30-Adaletsizlik

162 27 0
                                    

Özet: Jasmine üvey ablası ile tanışır. Babasının kendisine bakamadığını ama ablasına bakmayı başardığını düşününce sinirlenir. Kadın ona cana yakın davranır. Jasmine kendisinin refah içerisinde yaşamasından memnun değildir. Halkın refahını yükseltmek için bir çare arayışıyla Richard ile konuşmaya karar verir.

*** Yeni Bölüm ***

Dün aldığım kararı uygulamak için sabah kalkar kalkmaz Richard'ı görmek amacıyla hazırlanmaya başladım. Doan benden önce kalkmış ve kahvaltı hazırlamıştı. Masadaki sucuklu yumurta, pastırma ve meyve suyu, ağzımın suyunu akıtsa da kendimi suçlu hissettiğim için yemek istemedim.

İki ay önceye kadar ben de lapa yemek zorunda olan kalabalığın içindeydim. Şimdi bu lüksü hak ettiğimden emin değildim. Doan'ın sevgilisi olmasam, bu yiyecekleri ancak rüyamda görürdüm.

"Günaydın güzelim, otursana yemekler soğumadan kahvaltımızı edelim."

"Günaydın" dedim ama masaya oturmak yerine banyoya yürüdüm. Elimi yüzümü yıkayıp, dişlerimi fırçaladım. Yatak odasına geri dönerken Doan seslendi.

"Acele et Jasmine, soğuyunca bir şey benzemez."

"Sen ye, beni bekleme, aç değilim."

Kırmızı kar yağıyor desem daha fazla şaşıramazdı. Benim aç olmadığım bir anı hayal bile edemediğini anlıyordum.

"NE? AÇ DEĞİL MİSİN?"

"Bu kadar şaşırma, halkın kalanını düşününce iştahım kaçtı."

Doan cevap vermek yerine elindeki çatalı bıraktı. "Haklısın güzelim, olayları senin açından göremiyorum, üzgünüm."

"Hayır üzülme. Bu benim düşüncem. Bir buçuk ay önce seni tanımıyordum. O zamanlar ben de onlar gibi yaşıyordum. Bu yiyecekleri ancak hayal edebiliyordum."

"Her devirde zenginler ve fakirler arasında farklılıklar vardı. Şimdi neden olmasın?"

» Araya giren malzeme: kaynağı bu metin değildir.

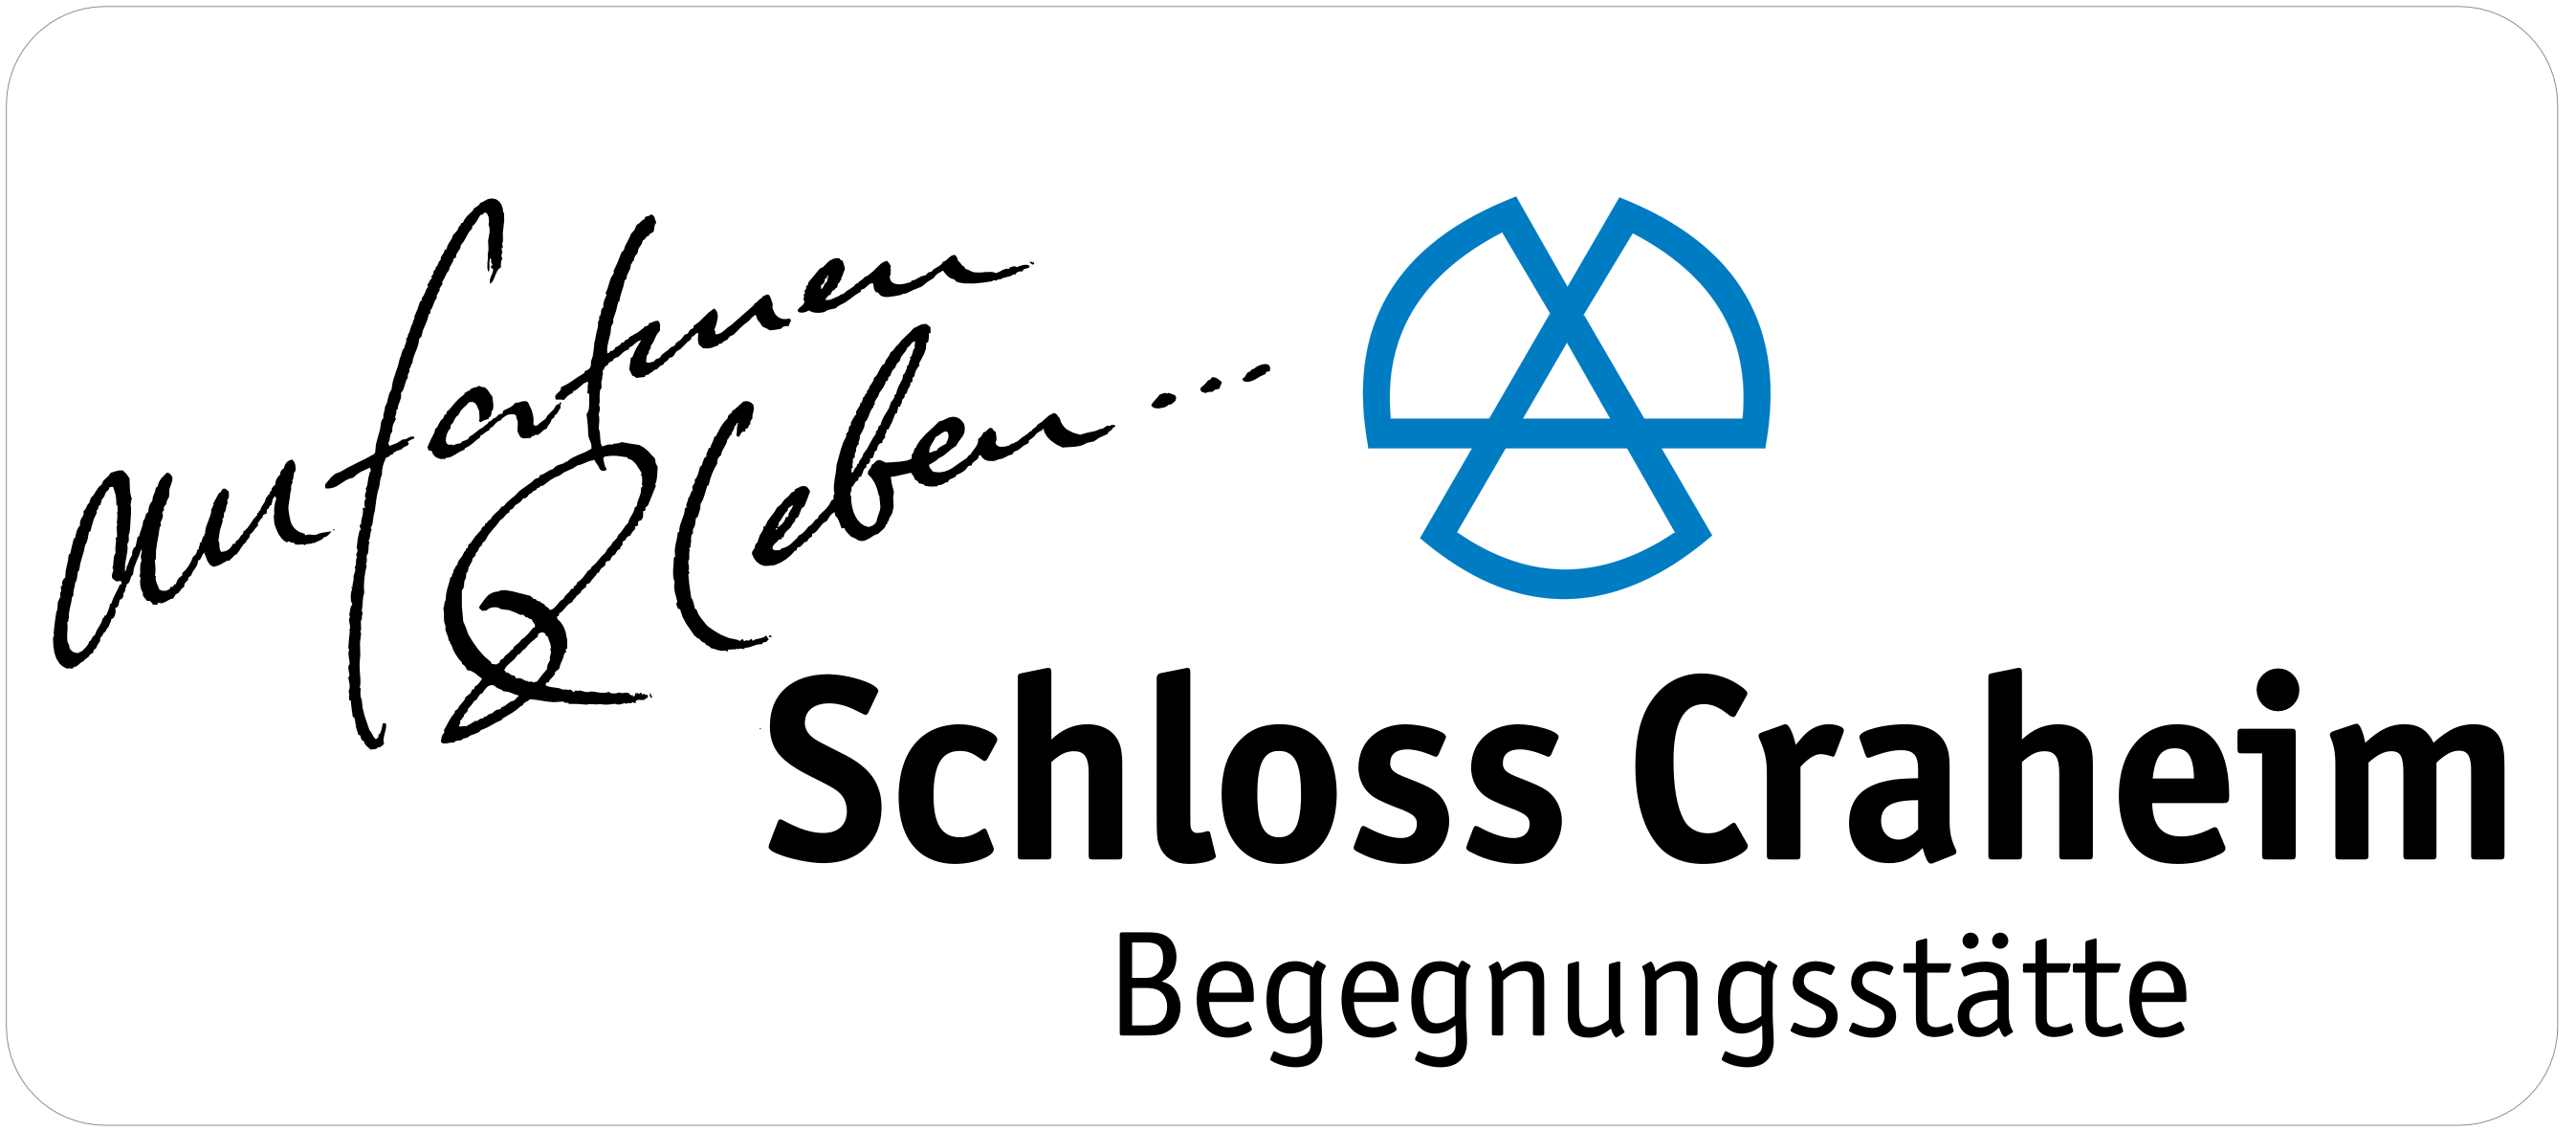 Schloss Craheim Begegnungsstätte

Doan kendi açısından haklı gözüküyordu. Şanslı azınlıktan biri olması onun suçu değildi. Zenginliği elde etti diye lanetlenmesi gerekmezdi. Benim düşüncelerim yüzünden üzülmesini istemedim.

"Affedersin saçmaladım. Hadi yiyelim" diyerek onu daha fazla üzmemek adına kendimi zorladım. Birkaç sucuk yiyip, yarım bardak meyve suyu içtim.

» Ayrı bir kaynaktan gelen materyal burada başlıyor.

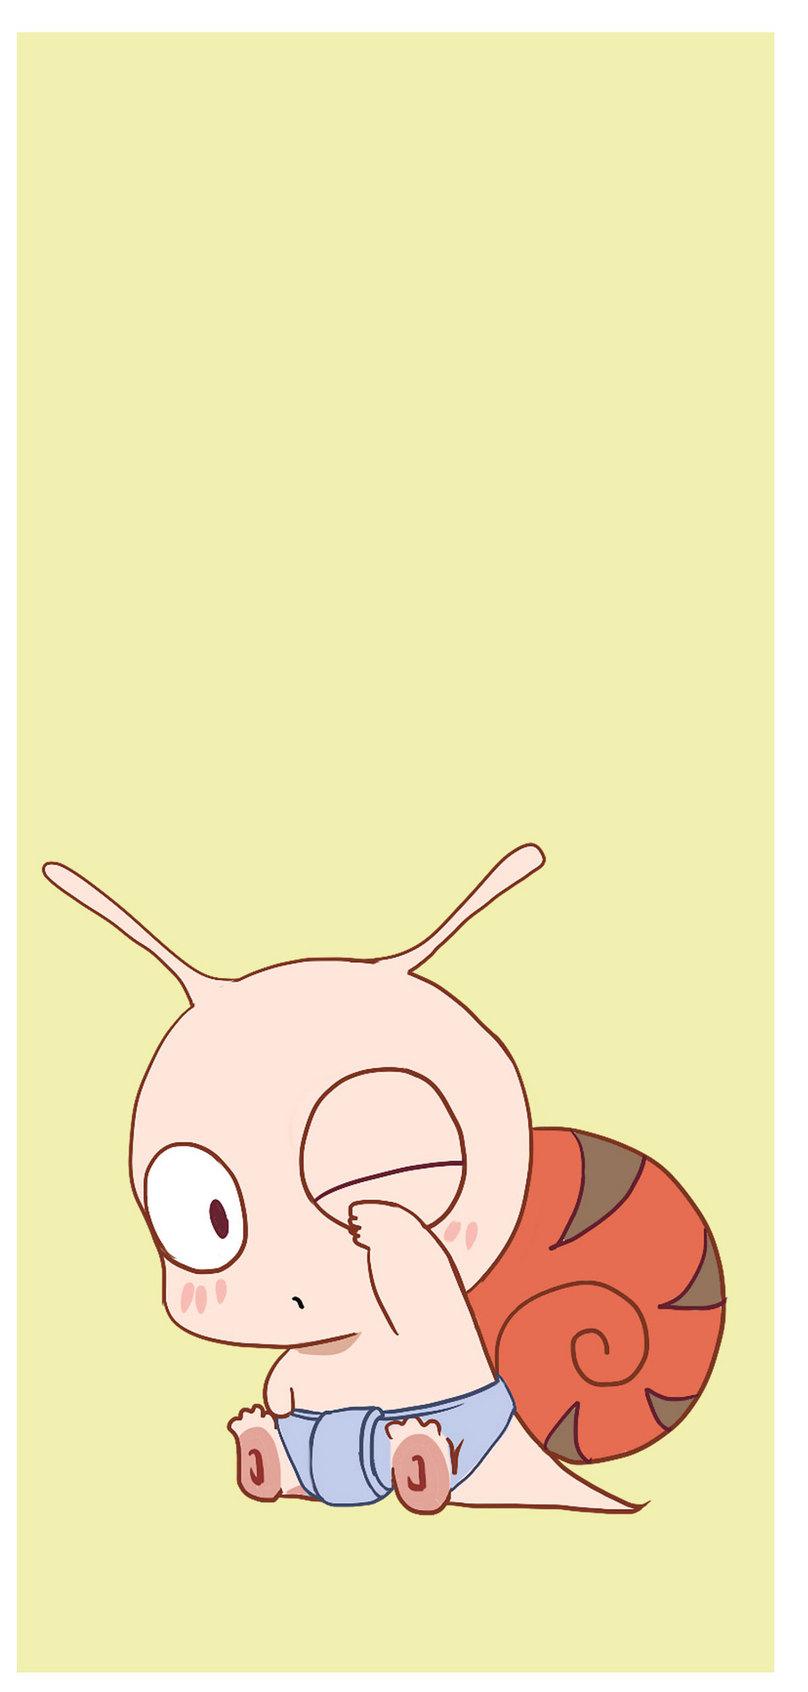 Unduh 8200 Wallpaper Bergerak Cartoon HD Terbaik

"Gecikeceğiz hadi kalkalım" dedim. Böylece daha fazla kendimi zorlamaktan kurtuldum. Doan birkaç lokmayı hızla ağzına tıktıktan sonra, kalkıp dişlerini fırçalamaya gitti. Ben daha önce fırçalamıştım ama sucuğun kokusu yüzünden tekrarlamak zorunda kaldım.

Nihayet evden çıkabildiğimizde, Doan beni Başkanlık Sarayı'na bırakıp işine gitti. Richard'ın geleceğimden haberi yoktu. O yüzden danışmadaki görevliye kimliğimi gösterip, Başkan'la görüşmek istediğimi söyledim.

"Randevunuz var mıydı?"

"Hayır ama arayıp adımı söylerseniz beni kabul edecektir."

Görevli kadın pek ihtimal vermese de Başkan'ın özel kalemini arayıp adımı söyledi. Özel kalemin ne cevap verdiğini duymadım ama kadın telefonu kapattıktan sonra aşırı nazikleşmişti.

"Özür dilerim Bayan Jackson, sizi beklettim. Başkan sizi ofisinde bekliyor, yol göstermesi için birini görevlendireyim."

"Teşekkürler, gerek yok. Daha önce gelmiştim."

Kadın saygıyla eğilip iyi günler diledi. Özel Kalem'in kadına benim hakkında ne dediğini merak etmiştim.

Hızlı adımlarla merdivenleri çıktım. Başkan'ın ofisine girmeden önce Özel Kalem'in odasından geçiliyordu. Adam beni görünce ayağa kalkıp karşıladı. "Hoş geldiniz Bayan Jackson."